▶ Instructions to follow:
Your output should be exactly the lines from the one containing "File:Vincent House, Fort" through the final line of the following data, please, with no pictures.

▶ Data extract:
+++
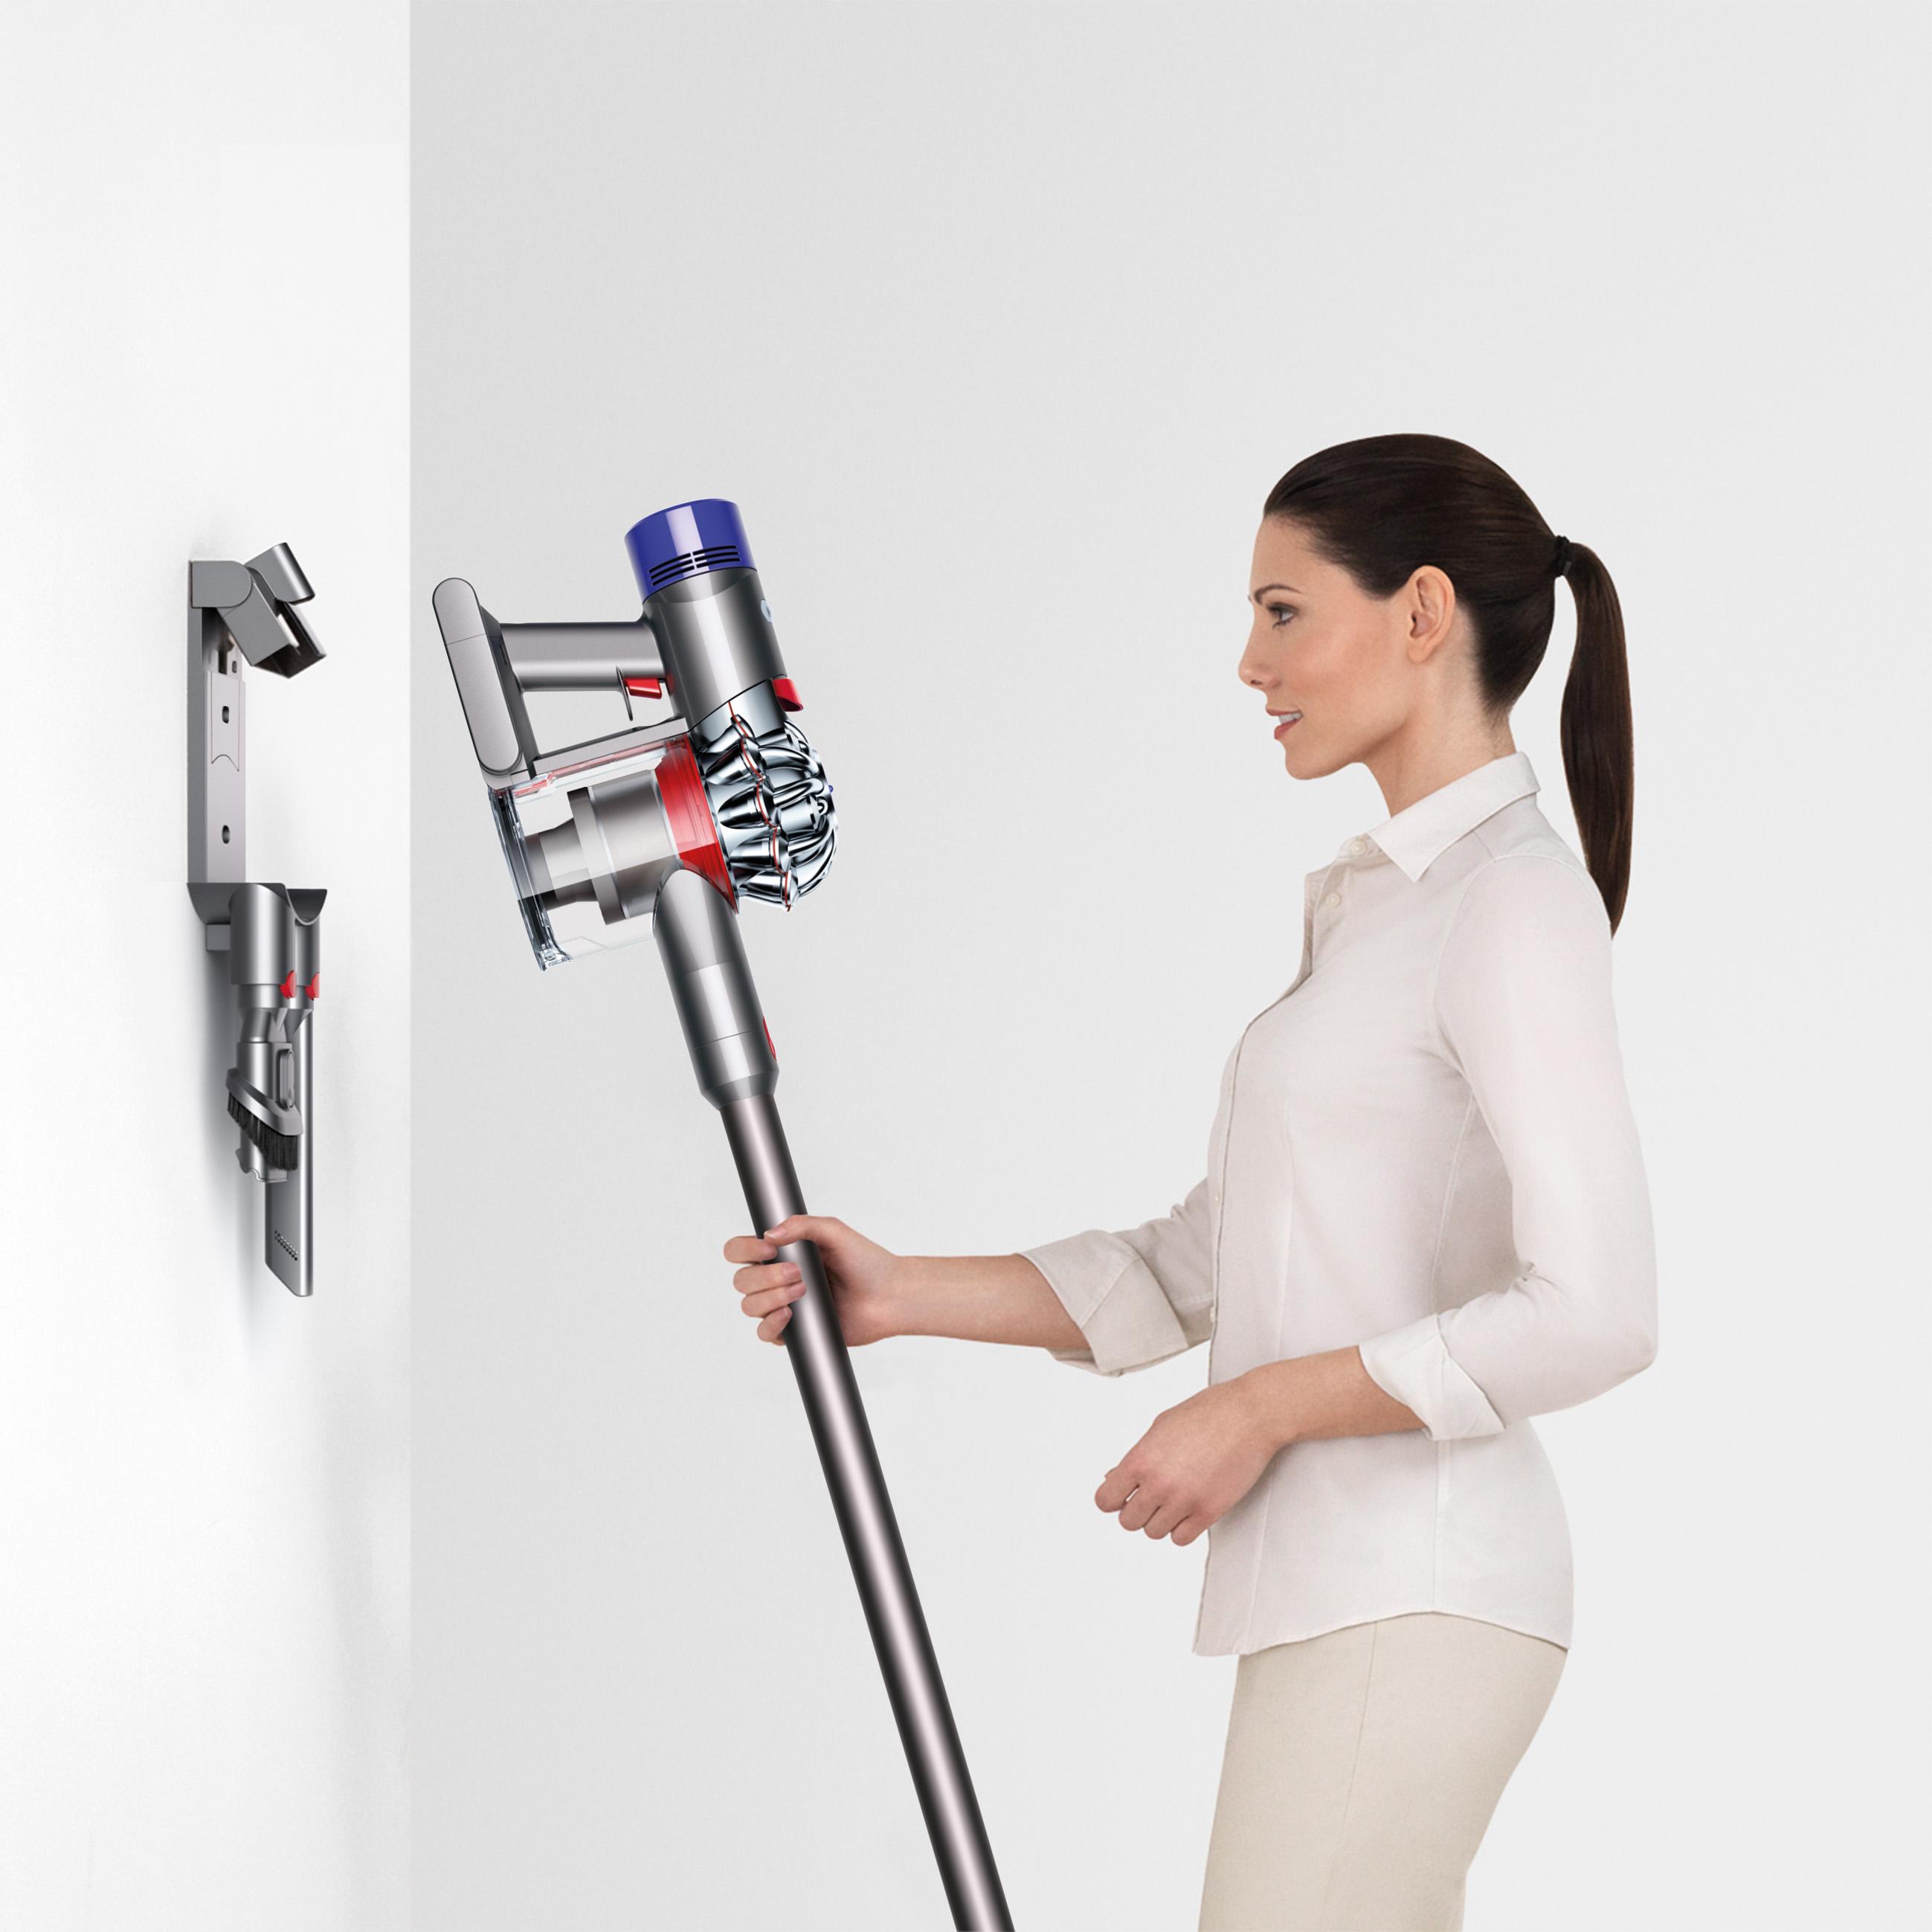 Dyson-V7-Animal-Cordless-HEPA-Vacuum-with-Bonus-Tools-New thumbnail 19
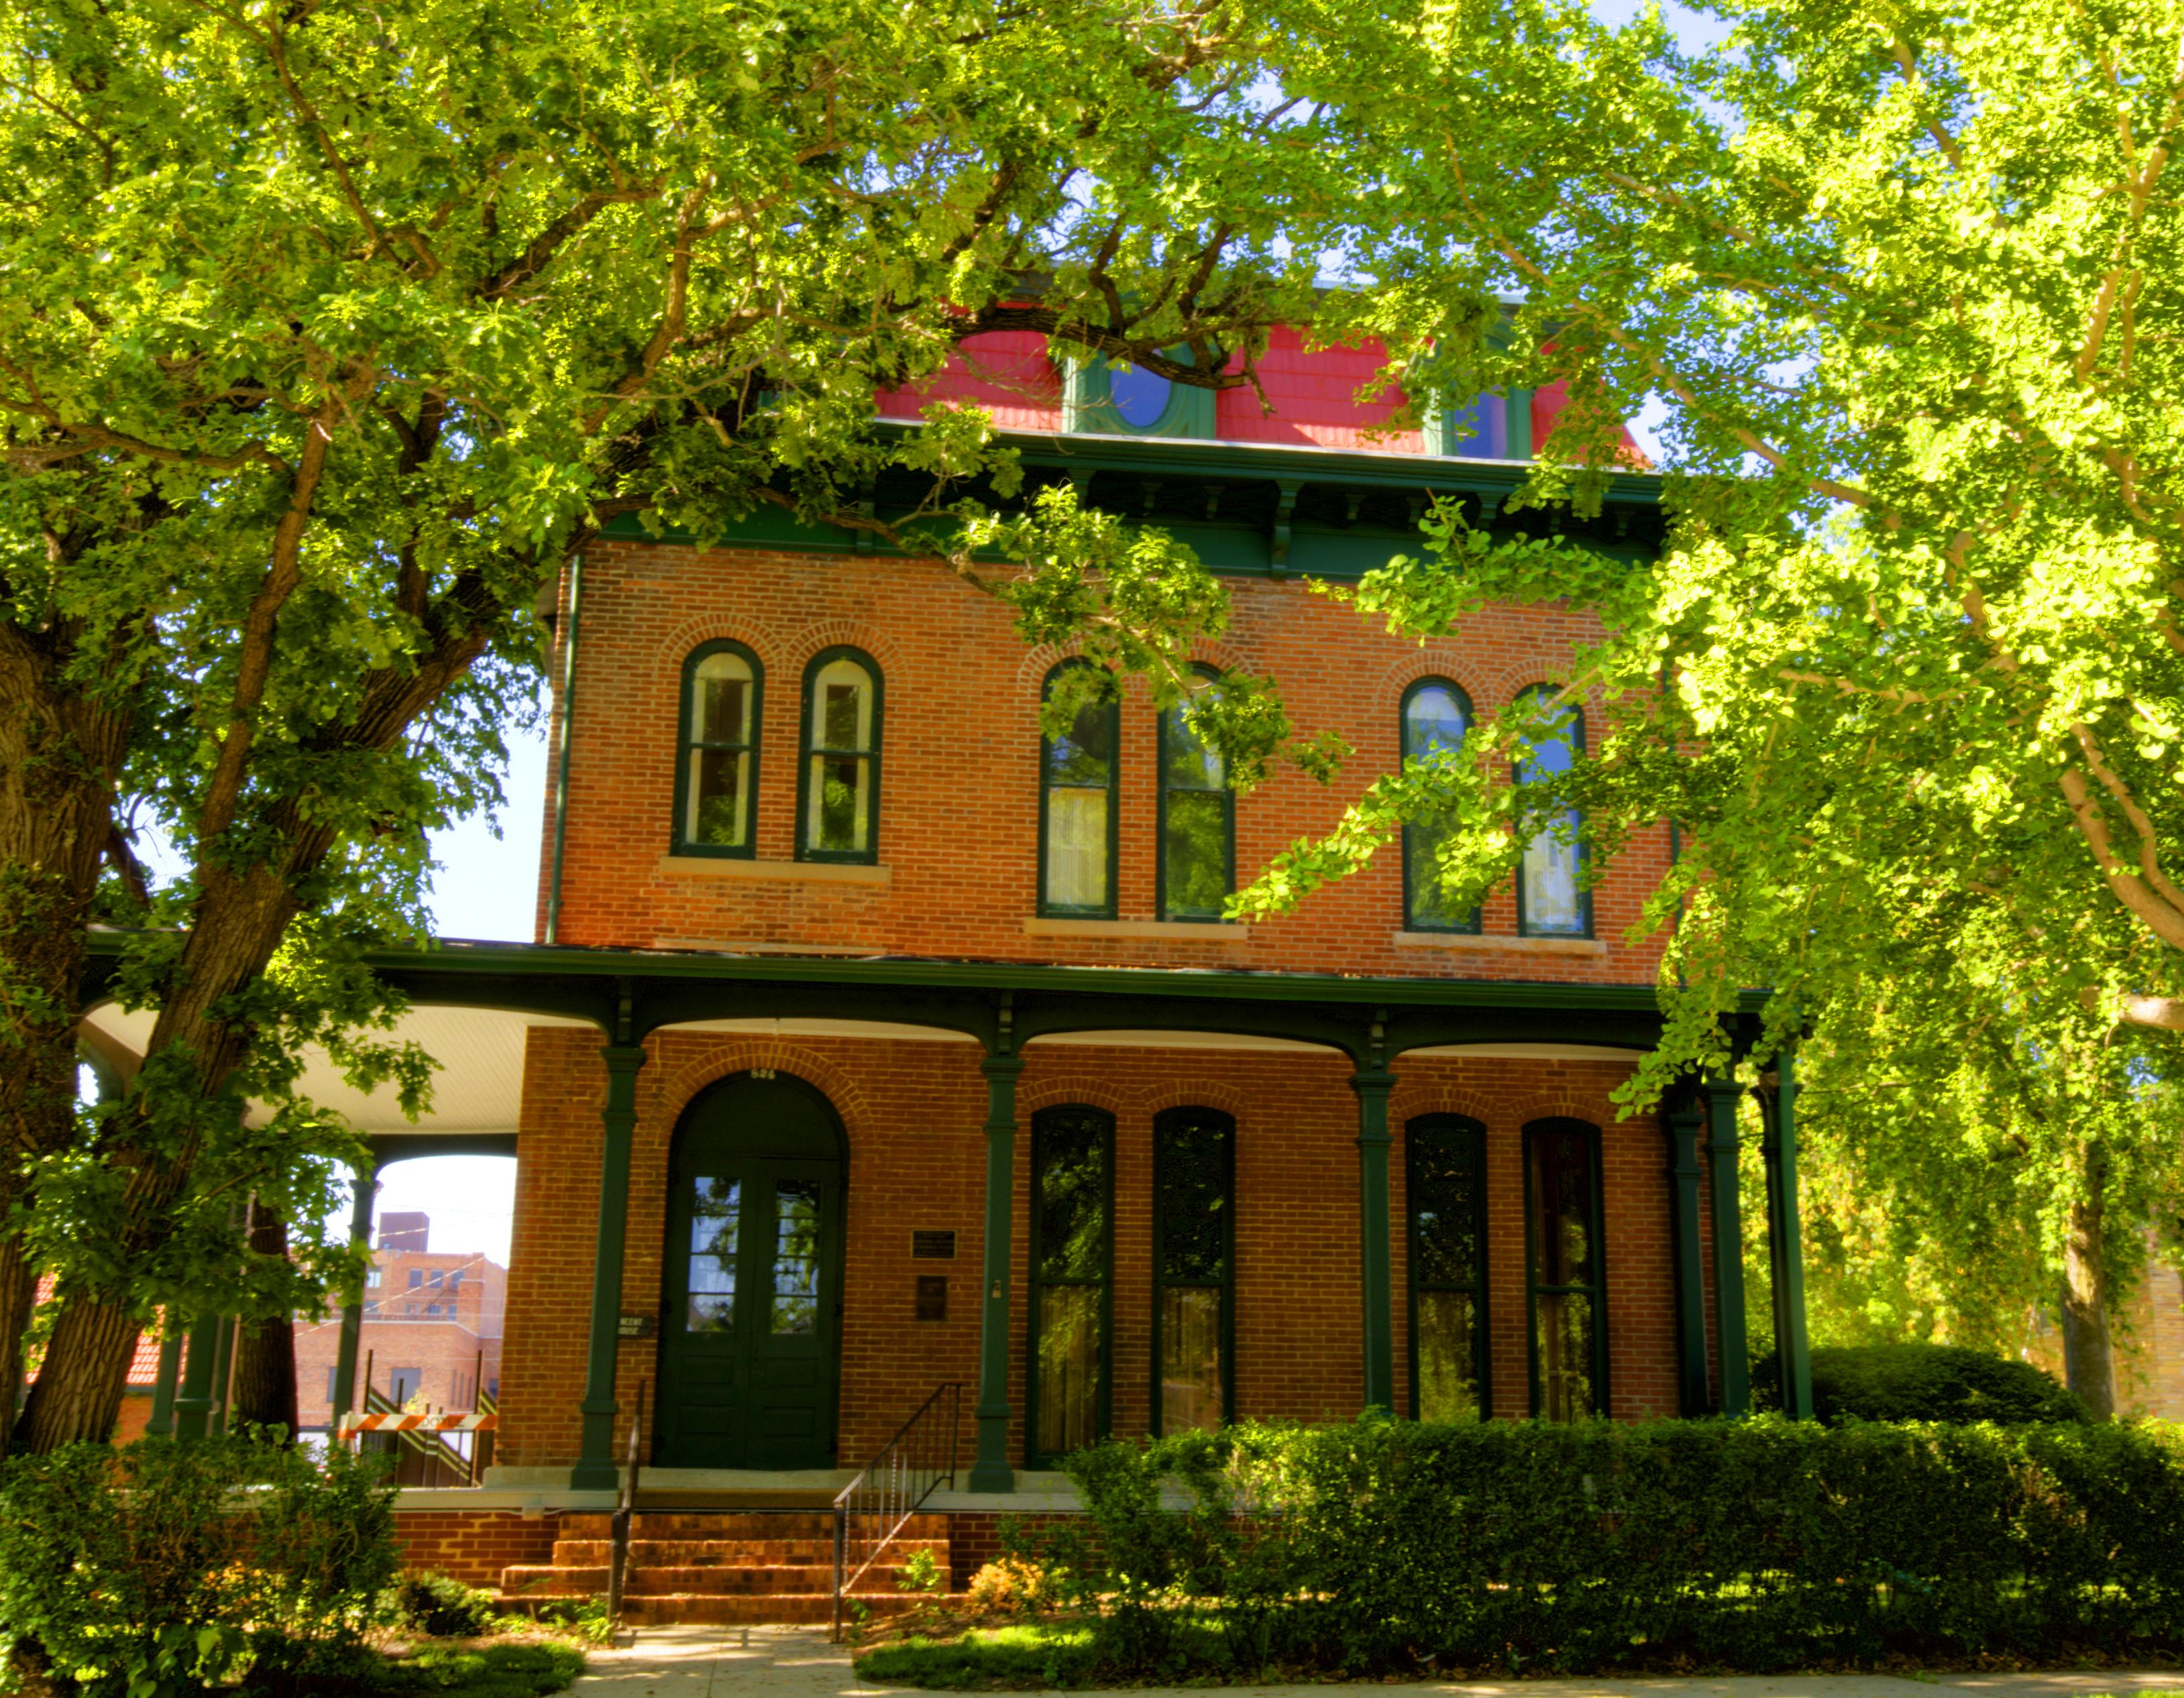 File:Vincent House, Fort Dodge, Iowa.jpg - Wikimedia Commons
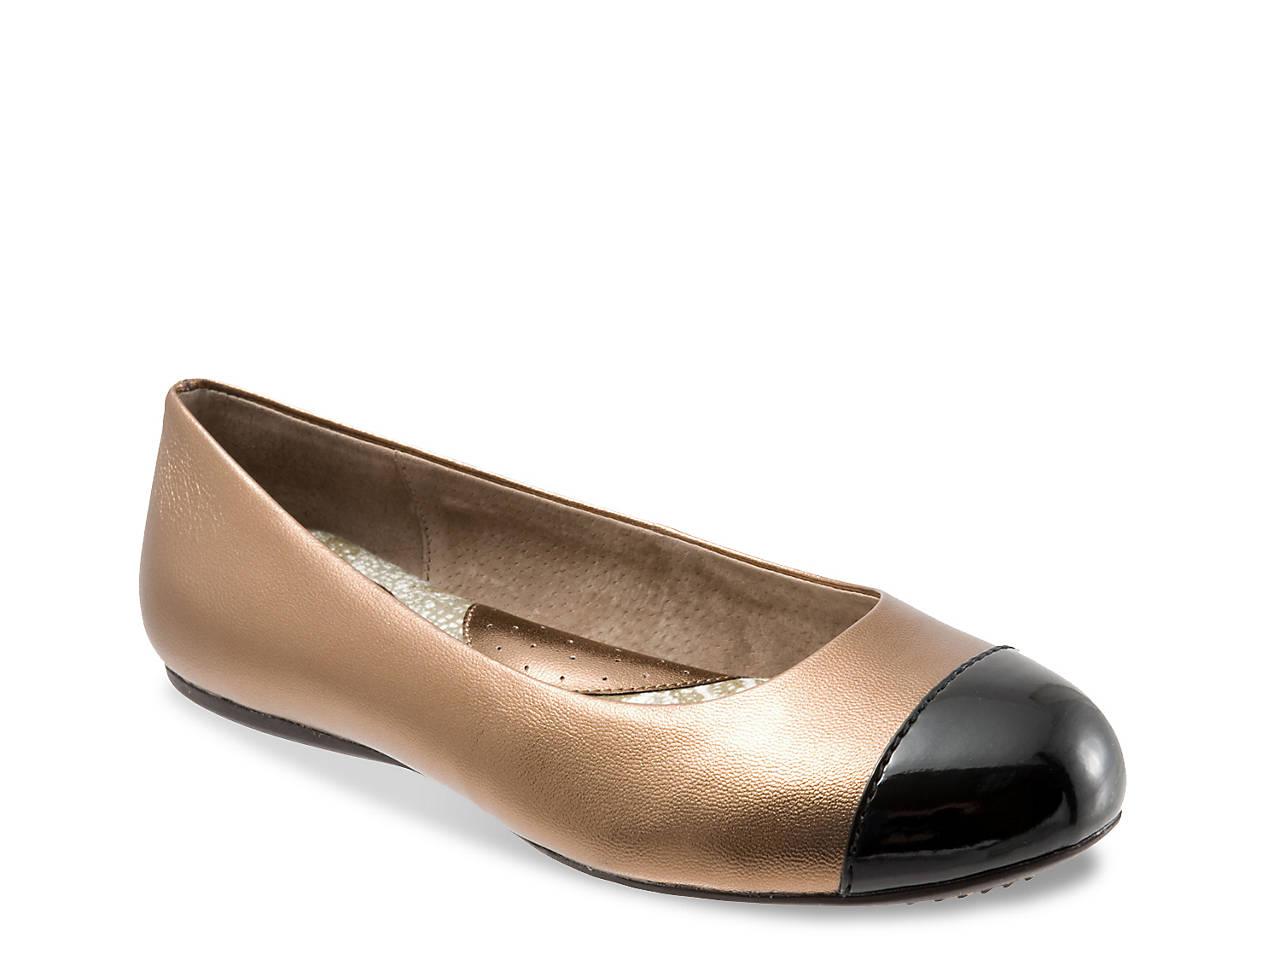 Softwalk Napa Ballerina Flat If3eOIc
+++
▶ Task output:
 File:Vincent House, Fort Dodge, Iowa.jpg - Wikimedia Commons
 Softwalk Napa Ballerina Flat If3eOIc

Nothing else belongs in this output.